Paul’s Great Discourse on the Power of LOVING…

1 Corinthians 13:4-8 (ESV) Love is patient and kind; love does not envy or boast; it is not arrogant or rude. It does not insist on its own way; it is not irritable or resentful; it does not rejoice at wrongdoing, but rejoices with the truth. Love bears all things, believes all things, hopes all things, endures all things. Love never ends.

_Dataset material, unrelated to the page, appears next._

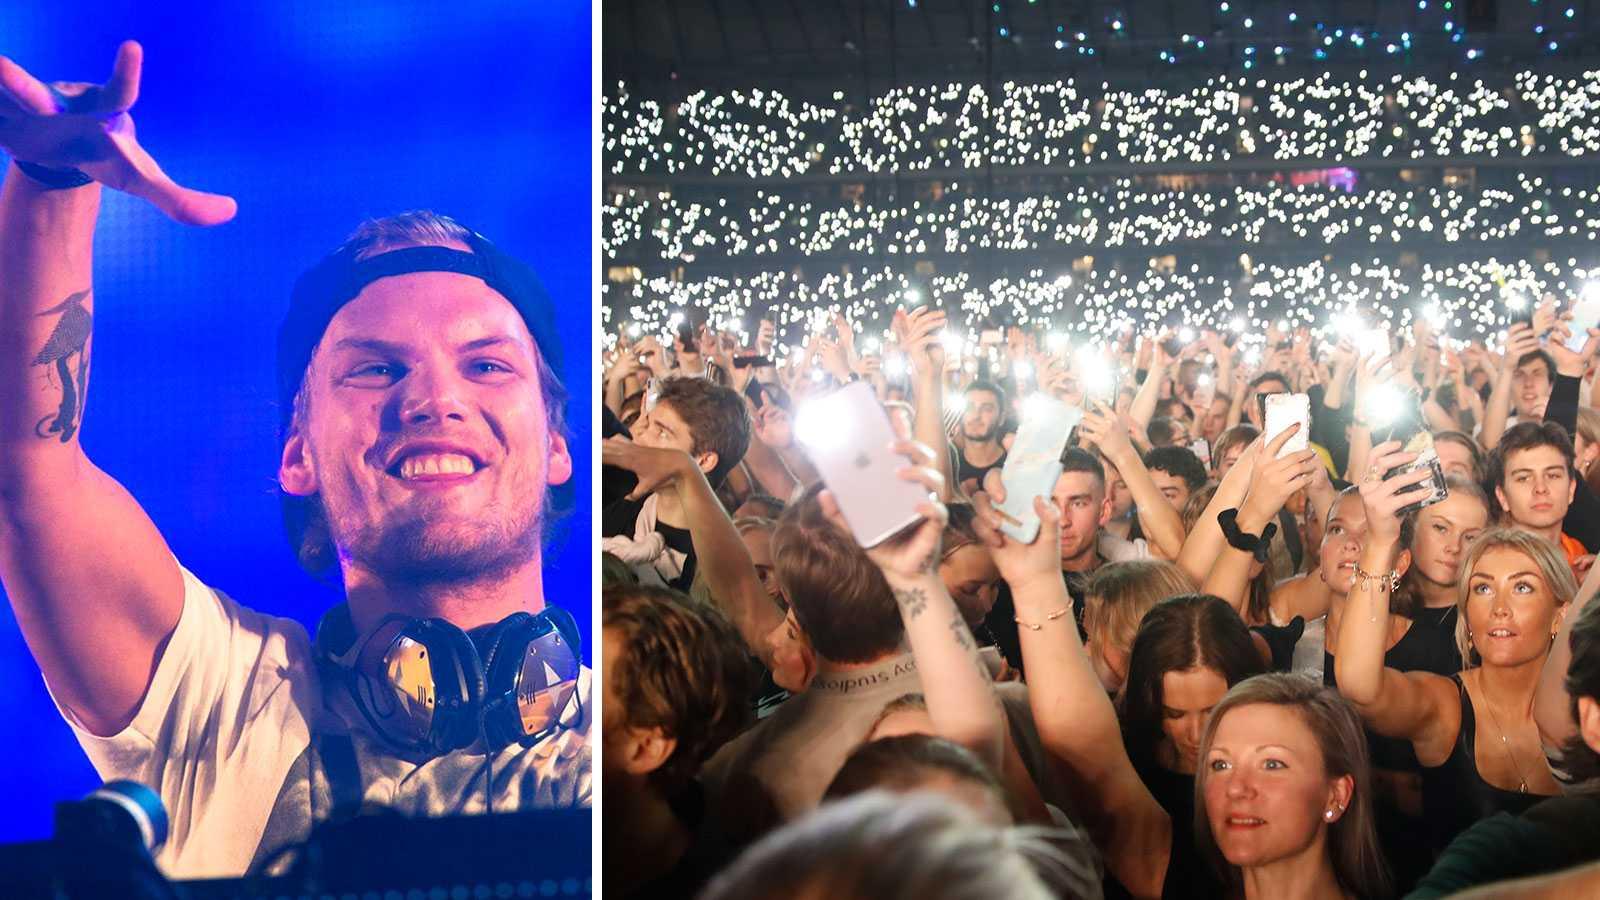 Hyllningskonsert till Avicii slår publikrekord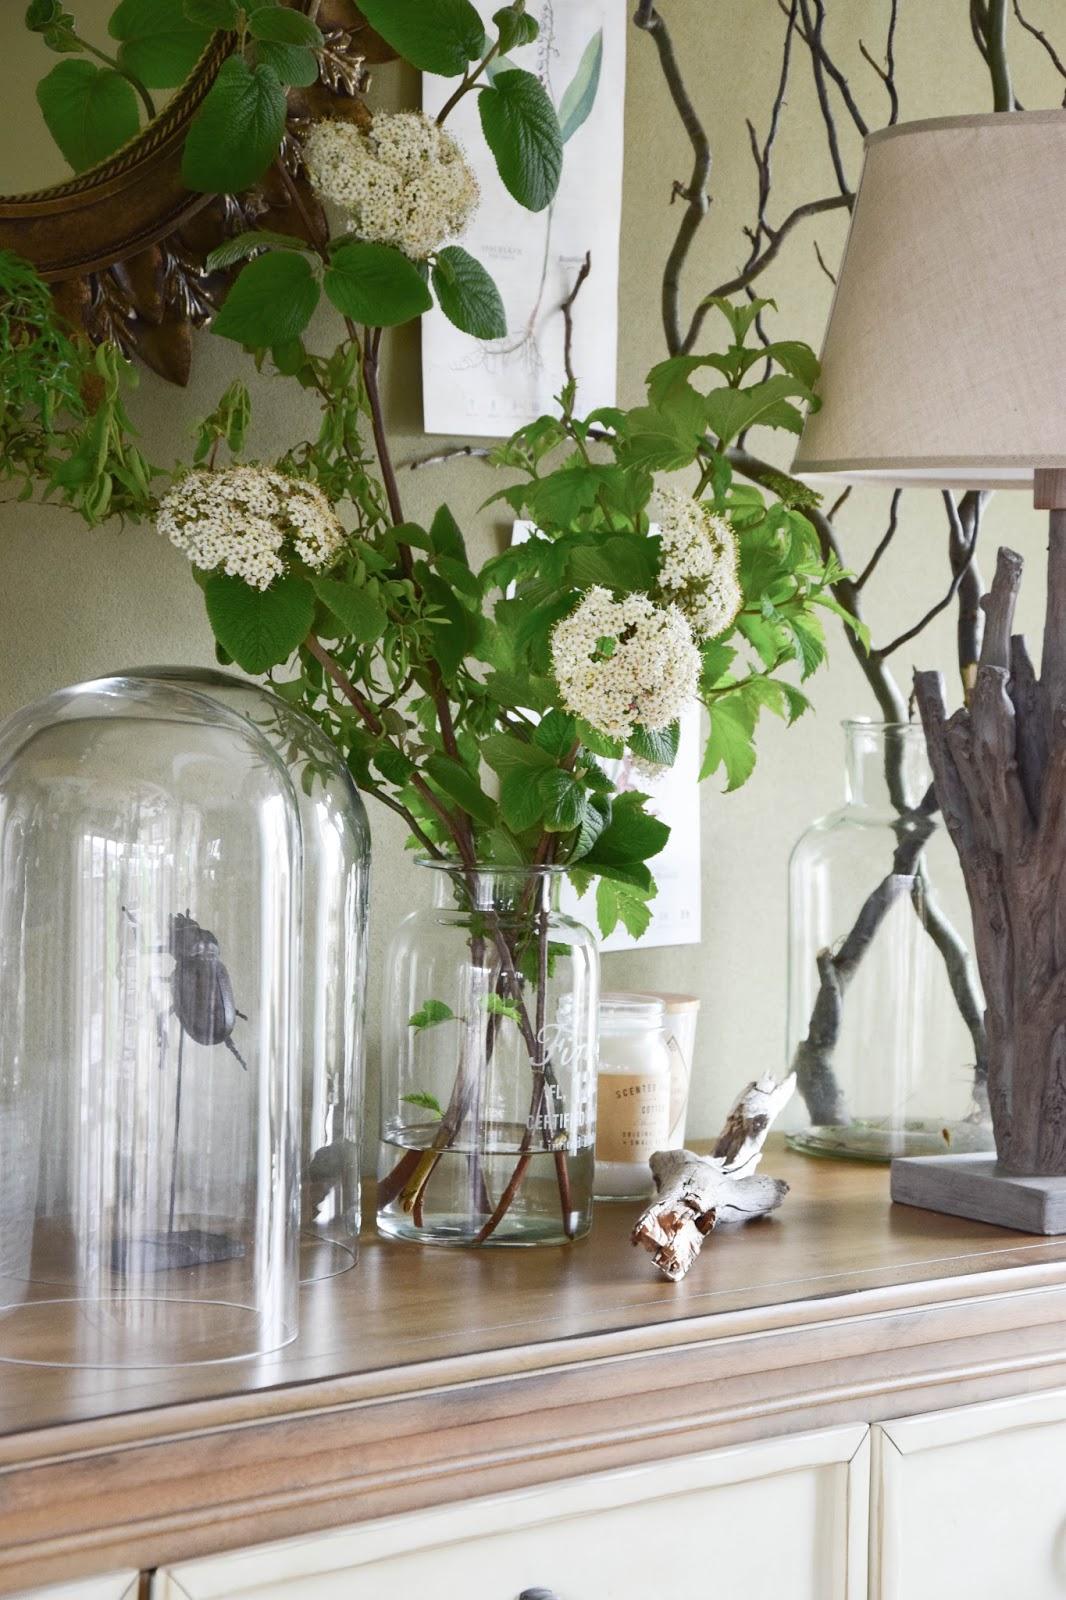 Botanische Deko für die Konsole und das Sideboard. Inspirationen, Beispiele und tolle Dekos. Ideen, Dekoidee, Deko, Dekoration Botanik, Sideboard, Wohnzimmer, Schneeball

As for prophecies, they will pass away; as for tongues, they will cease; as for knowledge, it will pass away.

Here is 1 Cor 13:4-8 in a positively translated MARRIAGE PLEDGE:

A Marriage Pledge of Active Loving

  • suffereth long: I will always react to hurt with a slow boil,
  • is kind:  I will always be reaching out in kindness and showing favors,
  • envieth  not:  I will always share and rejoice in the experiences of my spouse,
  • vaunteth  not itself:  I will always seek to honor and give to my spouse,
  • is  not puffed up: I will always relate with humility and modesty,
  • Doth not behave itself unseemly: I will always be orderly and controlled and comely (attractive),
  • seeketh not her own: I will always seek to serve my spouse without expectations
  • is not  easily provoked: I will always be emotionally involved with my spouse without being overly “touchy”,
  • thinketh no evil: I will always think good or my spouse and will vaporize any hurts and unkindness
  • Rejoiceth not in iniquity: I will never think or speak of the wrongs of my spouse, especially to others,
  • but rejoiceth in the truth: I will courageously embrace truthfulness and honesty with my spouse,
  • Beareth all things: I will always bear my spouses irritations and failures and will always cover them with God’s forgiving love,
  • believeth all things: I will always believe the best of my spouse
  • hopeth all things: I will never cease to hope for God’s best in our marriage,
  • endureth all things: I will actively stand against any attacks or failings that threaten our love,
  • Charity never faileth: I will actively love my spouse forever!

If you desire a Sacred Marriage, to be TOTALLYMARRIED according to God’s Design, you must realize, you must fully embrace that Marriage is to be an ACTION VERB, not just a state of mind. It is to be not a LOVE RELATIONSHIP, but a LOVING RELATIONSHIP! Most importantly, you must realize that no man or woman can love their spouse with the ‘AGAPE’ love described in Romans 13. We must be dependent upon God for this LOVE. And if we possess God’s AGAPE Love in our heart, we will see that it is a dynamic force for LOVING our spouse. The Bible makes this abundantly clear:

The Bible Puts the LOVING in LOVE!

1. Put on love Colossians 3:14 (ESV)

  • And above all these put on love, which binds everything together in perfect harmony.

2. Follow after love 1 Corinthians 14:1 (ESV)

  • Pursue love, and earnestly desire the spiritual gifts, especially that you may prophesy.

3. Abound in love Philippians 1:9 (ESV)

  • And it is my prayer that your love may abound more and more, with knowledge and all discernment,

4. Continue in love Hebrews 13:1 (NLT)

  • Keep on loving each other as brothers and sisters. Keep on keeping on…

5. Increase in love 1 Thessalonians 3:12 (ESV)

  • and may the Lord make you increase and abound in love for one another and for all, as we do for you,

6. Be fervent in love 1 Peter 4:8 (NKJV)

  • And above all things have fervent love for one another, for “love will cover a multitude of sins.”

7. Spur each other to love Hebrews 10:24 (ESV)

  • And let us consider how to stir up one another to love and good works

1 Corinthians 16:14 (NIV) Do everything in love.

How to Turn a Nothing Marriage into Something

Marriage is an Impossible Union without the Agape Love of Jesus Christ Loving through you. The sooner you surrender your heart to allow God to Love through you, the Sooner you can become TotallyMarried according to God’s Design.

Let’s see how we can possess God’s AGAPE love. Let’s see how God can take a nothing and make him a something. God does the same for our marriages, making them dynamo’s of His Love.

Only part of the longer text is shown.